Die Grube Messel liegt zwischen den Städten Darmstadt, Dieburg und Langen 20 km südöstlich von Frankfurt am Main. Die Führung wurde von Herrn Michael Kauer, Diplom Geologe von der TU Darmstadt, geleitet. Er arbeitet seit 2002 als Ranger im Geo-Naturpark Bergstraße-Odenwald, was eine zusätzliche Ausbildung voraussetzt. Vor seiner festen Anstellung in der Grube Messel hat er zusammen mit einem ausgebildeten Förster eine erste Geotopkartierung für das Gebiet durchgeführt.

Der Geo-Naturpark Bergstraße-Odenwald erstreckt sich auf eine Fläche von 3.500 km² und hat insgesamt 15 Informationszentren. Zu diesen gehört seit 2004 auch die Grube Messel. Einen Informationszentren Neubau soll es dort ab 2010 geben.
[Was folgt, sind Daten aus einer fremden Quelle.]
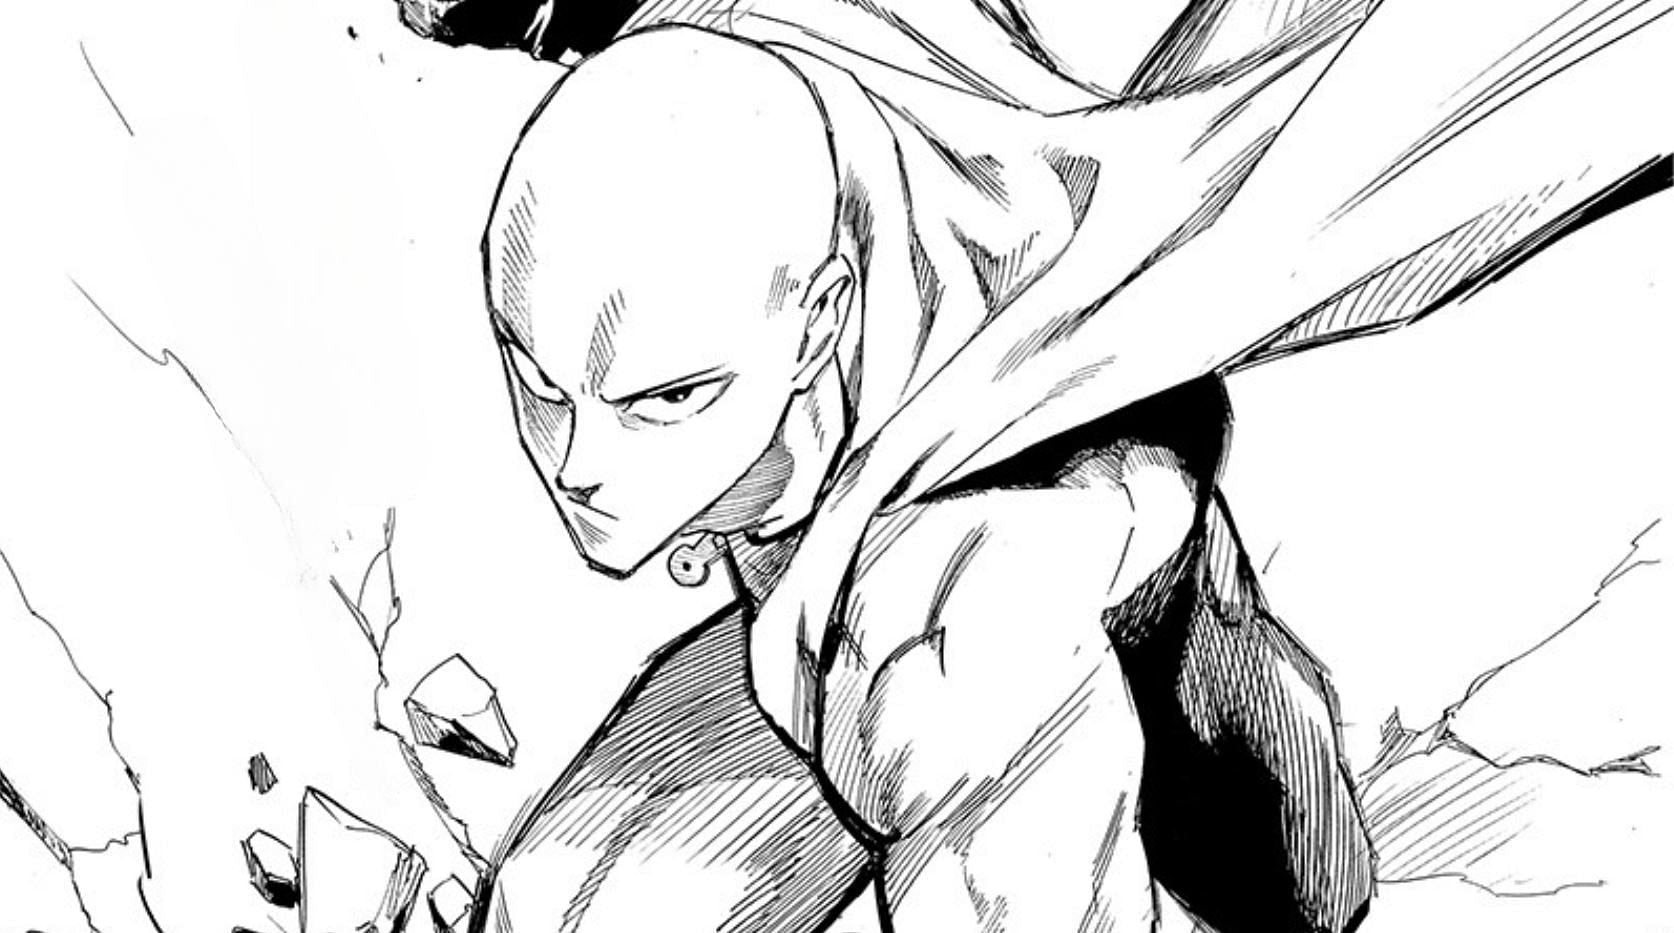 Saitama as seen in One Punch Man manga (Image via Shueisha)

Die Richtlinien, die die UNESCO den Welterbestätten auferlegt, sind streng und werden alle vier Jahre kontrolliert. Eine nicht Einhaltung der Vorlagen kann eine Aberkennung des Zertifikats zur Folge haben. Um die noch aktive Grube Besuchern zugänglich zu machen, werden regelmäßig Führungen zu verschiedenen Themen auf den angelegten Wegen angeboten. Graben dürfen das Senckenberg Museum Frankfurt und das Landesmuseum Hessen als einzige Forschungseinrichtungen.

 

  1. Die Geschichte der Grube:

In der Grube Messel wurde seit 1850 Tagebau betrieben, da beim Bau der Deutschen Reichsbahn zufällig weicher Untergrund festgestellt und Braunkohle entdeckt wurde. Eisenerz wurde zu Beginn ebenfalls abgebaut. Nach 10 m jedoch waren die Vorkommen erschöpft und man stieß auf den Ölschiefer. In den mehr als 100 Jahren bis 1971 wurden insgesamt 20 Mio Tonnen Ölschiefer aus der Grube geholt, sodass die heutigen Ausmaße von 800 x 1.000 m an der Oberfläche und 65 m in die Tiefe erreicht wurden.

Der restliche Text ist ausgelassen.